Source material ->
>>>
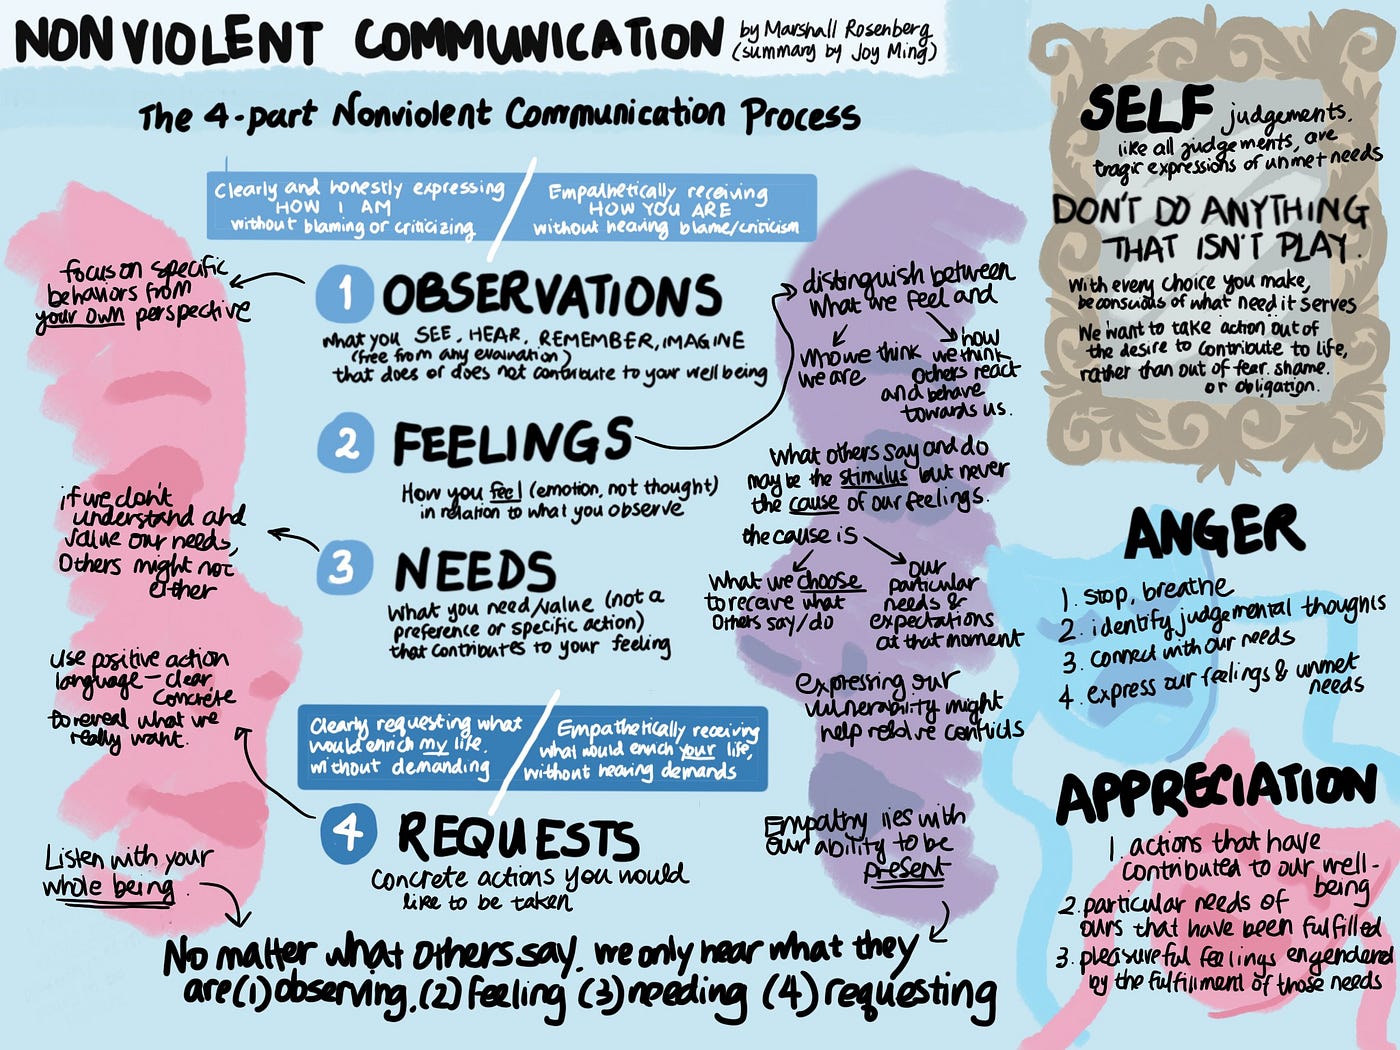 Visual summary of 4-part nonviolent communication process. Please refer to the linked blogpost for a full transcription of the text in the image.
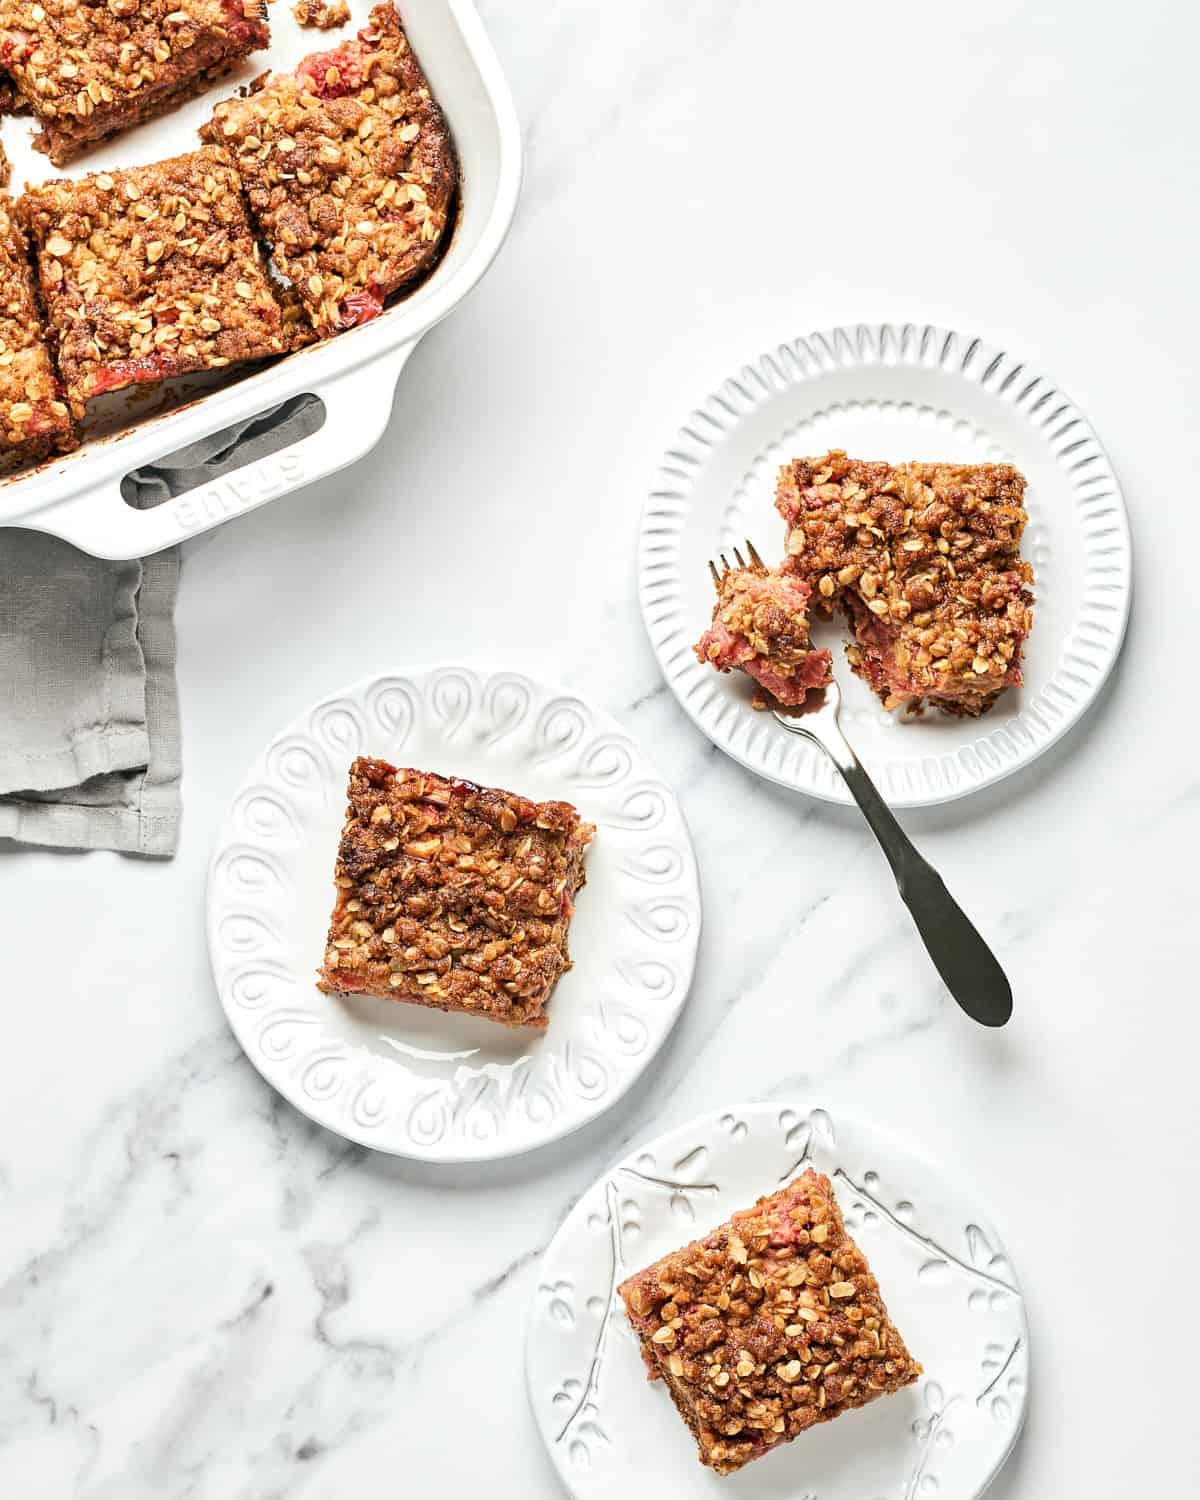 Overhead view of three plates of Vegan Strawberry Rhubarb Crumble Bars with a grey napkin and baking dish nearby.
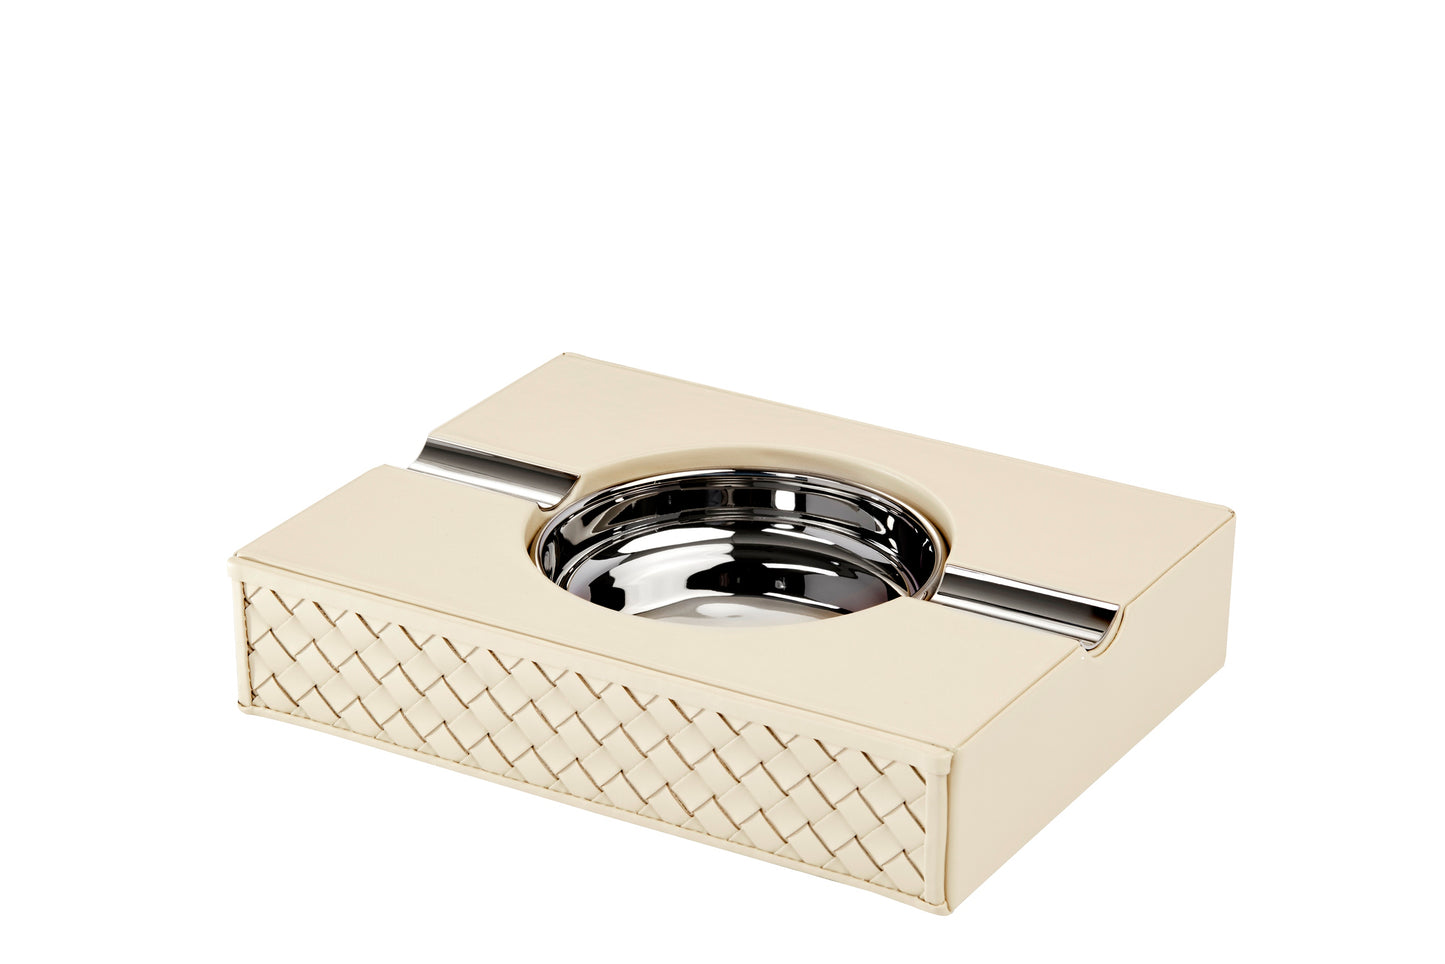 Zeno Handwoven Leather-Covered Cigar Ashtray | Elegant Design with Handwoven Leather Cover | Perfect for Enjoying Cigars in Style | Explore a Range of Luxury Cigar Accessories at 2Jour Concierge, #1 luxury high-end gift & lifestyle shop
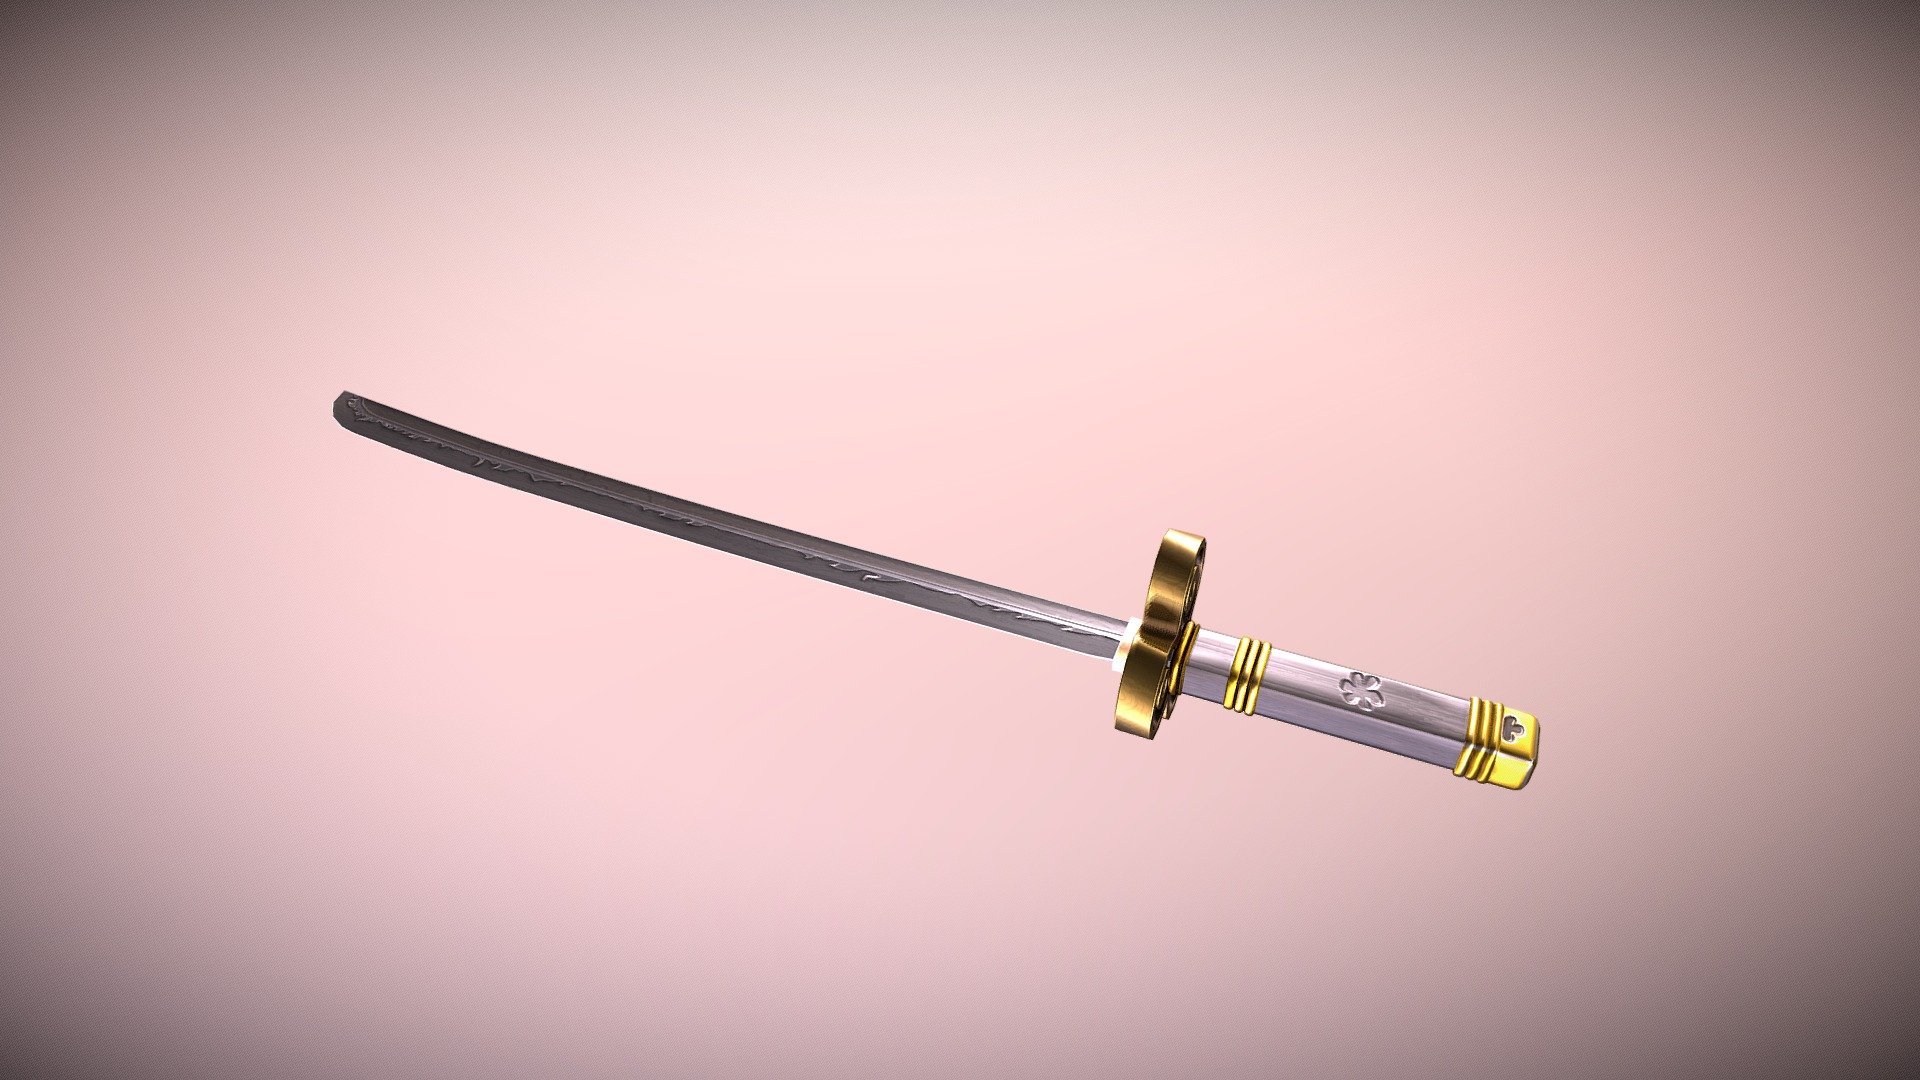 One piece is one of my favorite anime ever, I loved this sword design and it's power is incredible! - Enma - One piece Katana - 3D model by Bertran Evarini (@bertranevarini) 3d model
<<<
Task directions ->
Excluding the pictures, retype the line containing "Overhead view of" and all lines after it down to the end of the data above.

Solution below ->
 Overhead view of three plates of Vegan Strawberry Rhubarb Crumble Bars with a grey napkin and baking dish nearby.
 Zeno Handwoven Leather-Covered Cigar Ashtray | Elegant Design with Handwoven Leather Cover | Perfect for Enjoying Cigars in Style | Explore a Range of Luxury Cigar Accessories at 2Jour Concierge, #1 luxury high-end gift & lifestyle shop
 One piece is one of my favorite anime ever, I loved this sword design and it's power is incredible! - Enma - One piece Katana - 3D model by Bertran Evarini (@bertranevarini) 3d model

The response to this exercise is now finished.